Most clients don’t move this quickly on their journey to buy what you have to sell. It’s more likely you’ll have to convert them from one stage to the next in a series of small moves. It takes work to do and skill to accomplish – and it often takes more time than you want to wait. Many buyers make decisions slowly, and even if you get someone who makes choices quickly, you don’t know how far along they are in other areas of the wedding planning, and so may not be ready to decide on anything with you.
Here are four signs it’s time to pump the brakes and slow things down a bit:
#1 – They Don’t Know What They Want
It’s hard to make decisions on what you want. Add in the unique pressures wedding couples feel (time, money, style, judgements, and so many more) and it’s even more difficult to know what to do. Oh, and let’s not forget that most couples you’re serving have never been married, so they’re new to the whole thing.
During the discovery process you’ve got to find out where they’re at in the buyer’s journey. There are three general stages: 1) Awareness, 2) Consideration, and 3) Decision. The key factor in moving from awareness to consideration is that they know what they want. However, many couples (maybe even most couples) don’t know what they really want when they inquire.

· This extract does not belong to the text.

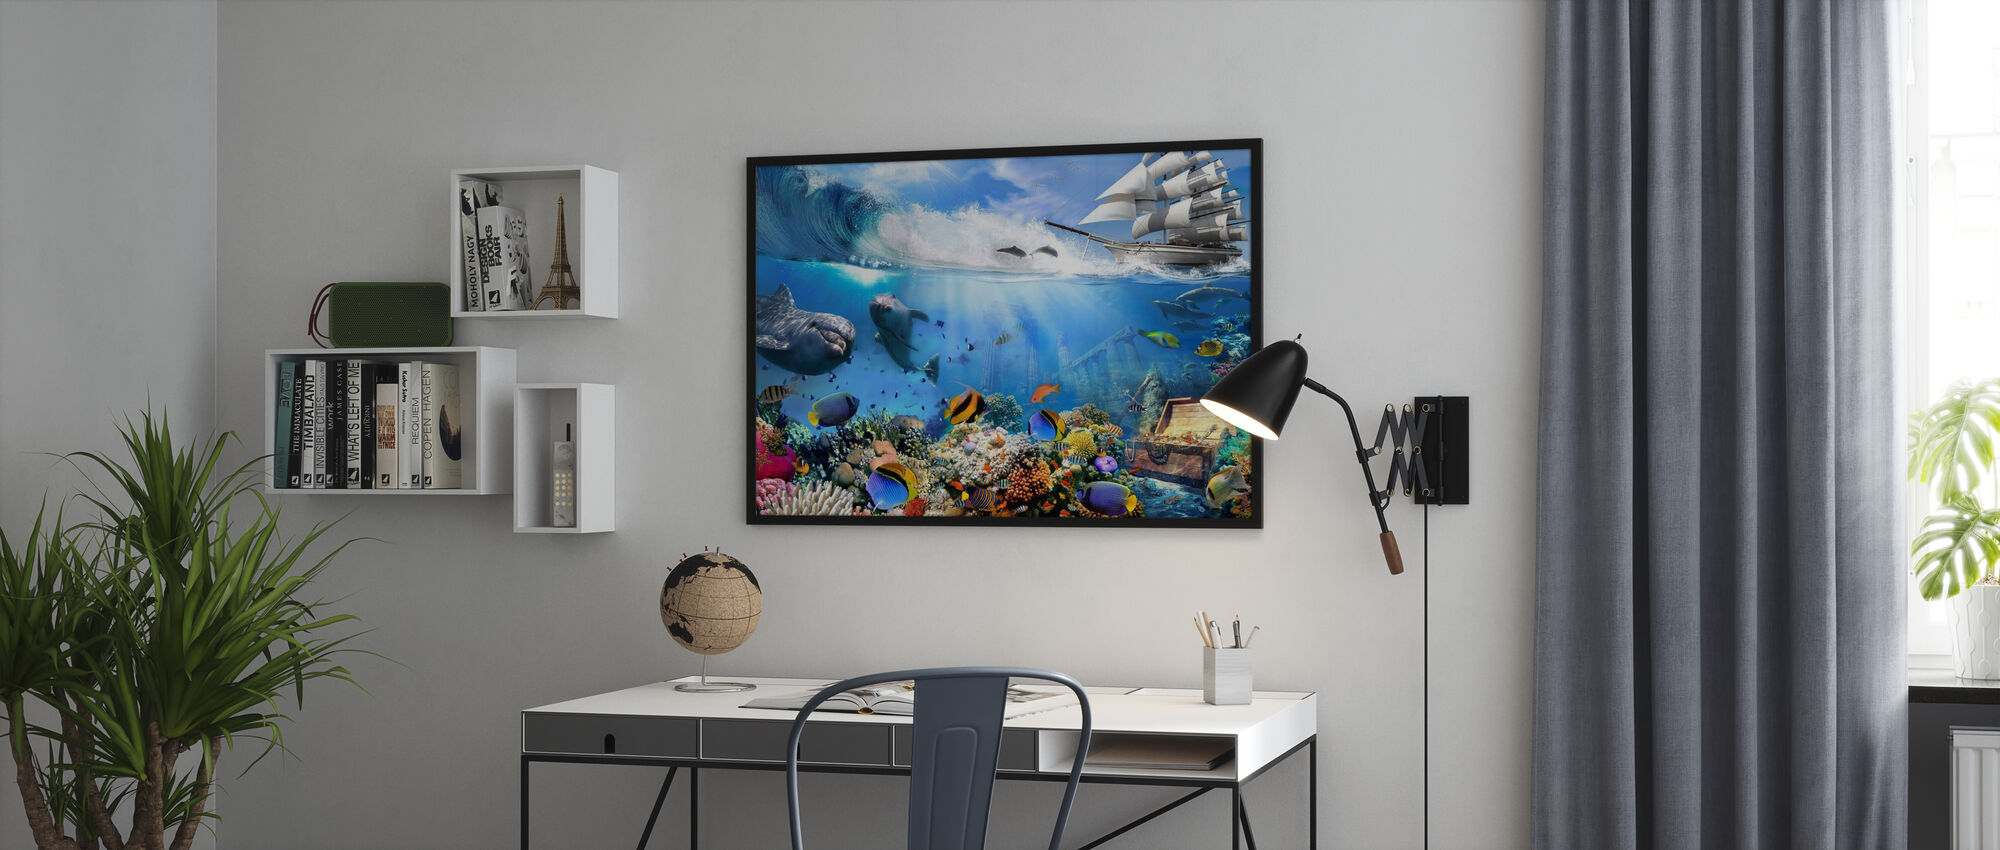 Fantasy Aqualife - Poster - Büro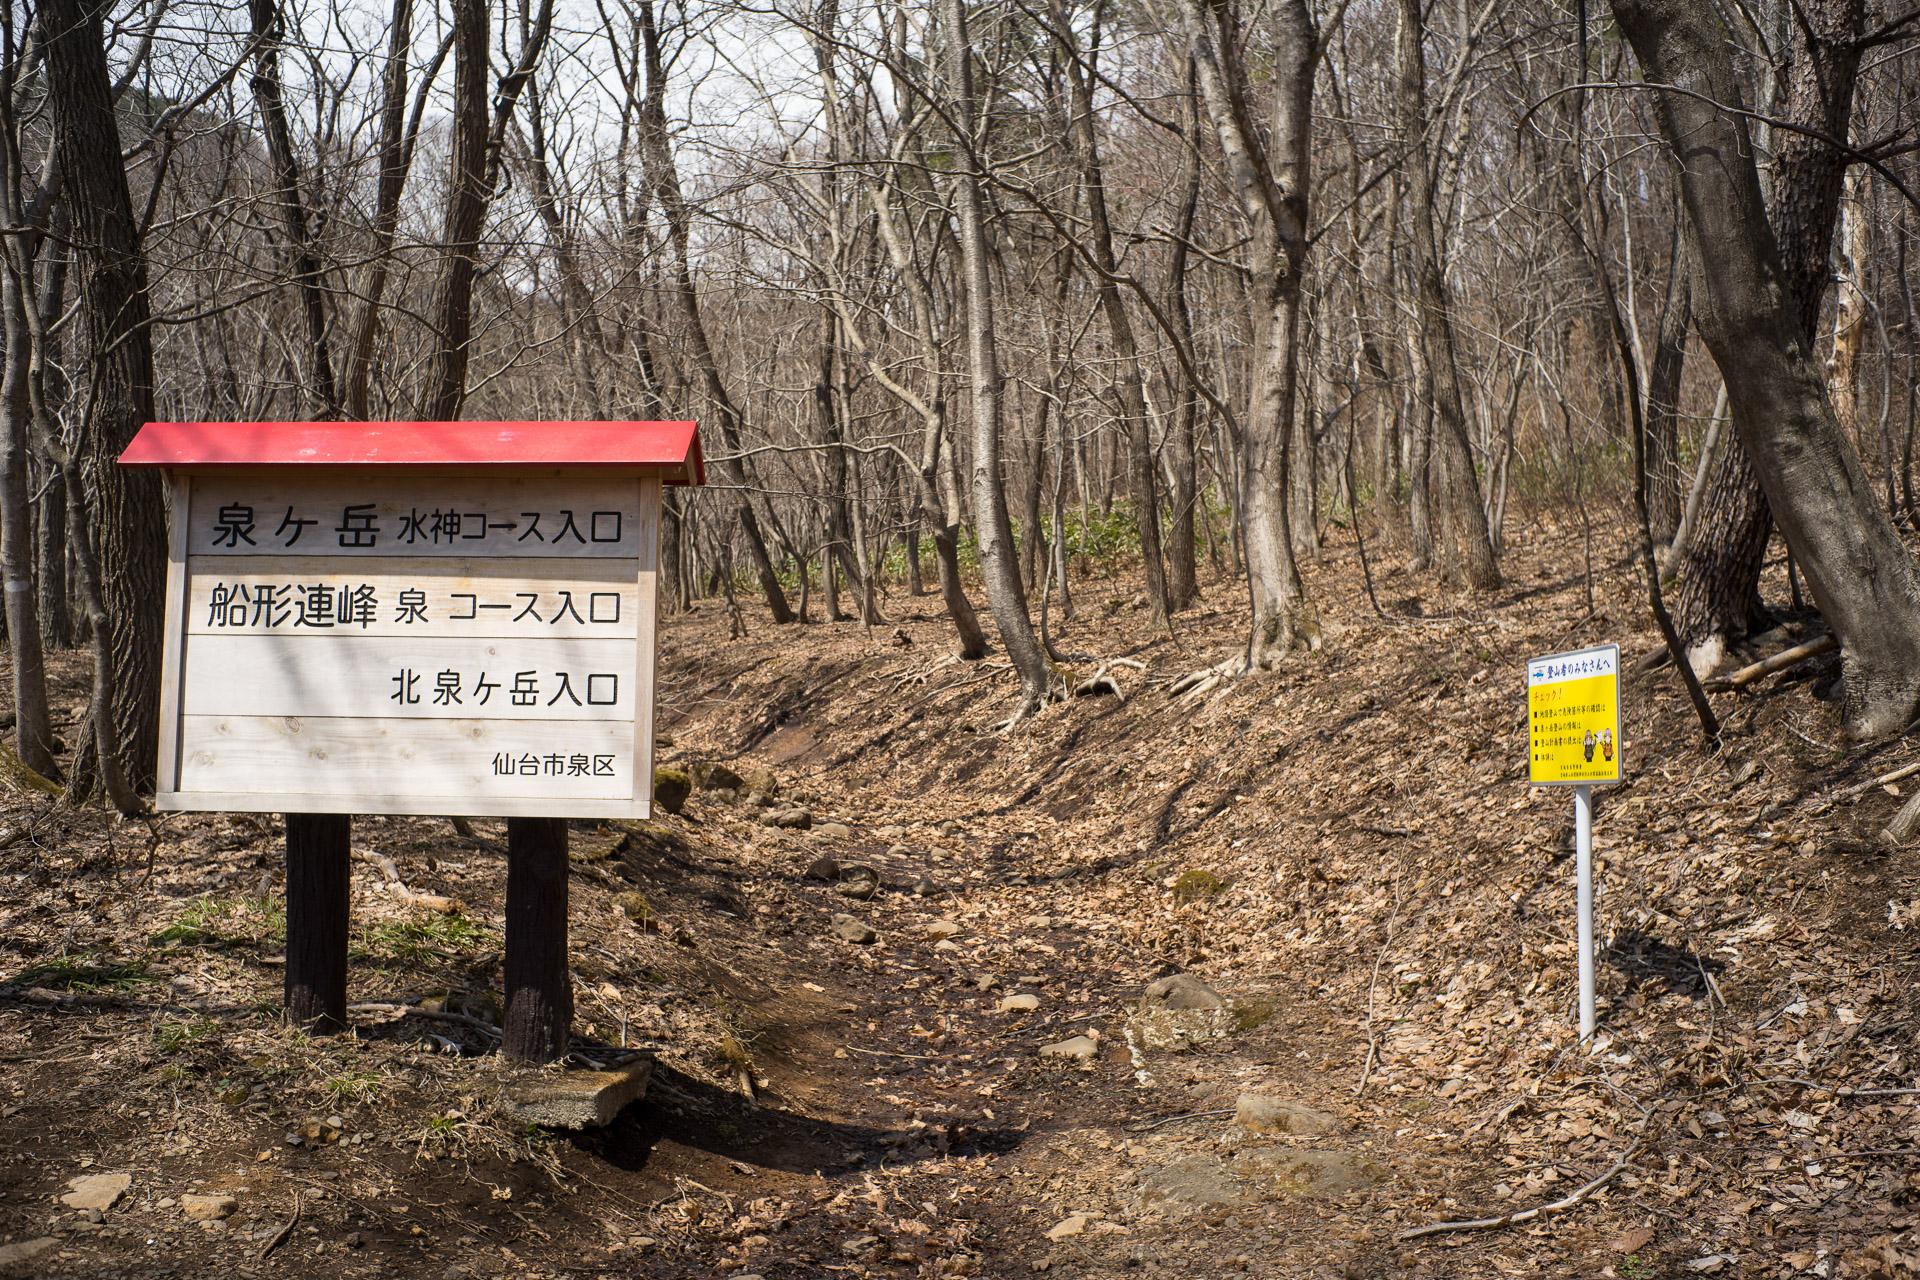 Izumigatake trail head

If you find you’re spending a lot of time “educating” couples who inquire, you’re very likely dealing with people who don’t know what they want. Instead of getting upset because they’re wasting your time, try empathy. Make them feel heard and understood. Give them a taste of your expertise as you share information to carve out their needs from that un-chiseled block of ideas in their heads.
#2 – They Aren’t Reading Your Proposal
If you’re not sending your proposals with some kind of tracking technology you’re doing it wrong. All serious proposal apps will have this, so if you’re not using one it’s time to switch. You absolutely must know what kind of engagement your proposals are getting with your potential buyers.
When you send out a proposal you’ve got to know if they’re looking at it, for how long, and how frequently. Knowing these numbers allows you to gauge how interested they are in what you’re pitching them.
If you send out a proposal and they don’t look at it for a few days, it’s probably time to slow things down a bit. Same thing with looking at it after you have a call with them to review the proposal. In general, if they aren’t checking out the proposal you’re going to have to renew interest in other ways before moving on with a contract.
#3 – They Ask for More Time to Make a Decision
This should be obvious that you’ve got to slow things down a bit, but I’ve heard from so many people who’s reaction is more anger than understanding. Remember, it’s not about you, it’s about them. Stop trying to blame them for why you’re anxious about not meeting your financial goals.
If you get pushed off for a decision after you’ve reviewed the proposal with them, simply ask how things are going for them in general. “How’s it going with other areas of wedding planning?” “Are you starting to feel the pressure of the wedding, yet?” “Has it been tough to get all the decision-makers to agree on things for the wedding?” These questions will reveal where they are and how you can help – usually by listening instead of selling.
#4 – Not All Decision-Makers have Reviewed the Information
We all get upset when the person we’ve been working with during the inquiry process all of a sudden takes a back seat to someone new who’s driving the decision-making. If this happens, don’t blame anyone but yourself. One of the first rules in sales is to make sure you’re talking with the person who can buy what you’re selling.
You should be asking in the discovery meeting who’s going to be a part of the decision-making. If you’re not, start this immediately. If you already are and you find that someone jumps in at the end of the buyer’s journey, be open to the conversation and restart in areas you feel are not clear to the new stakeholder. Yes, you may need to begin again, which is frustrating, but the blame’s only on you for blowing it in the early stages.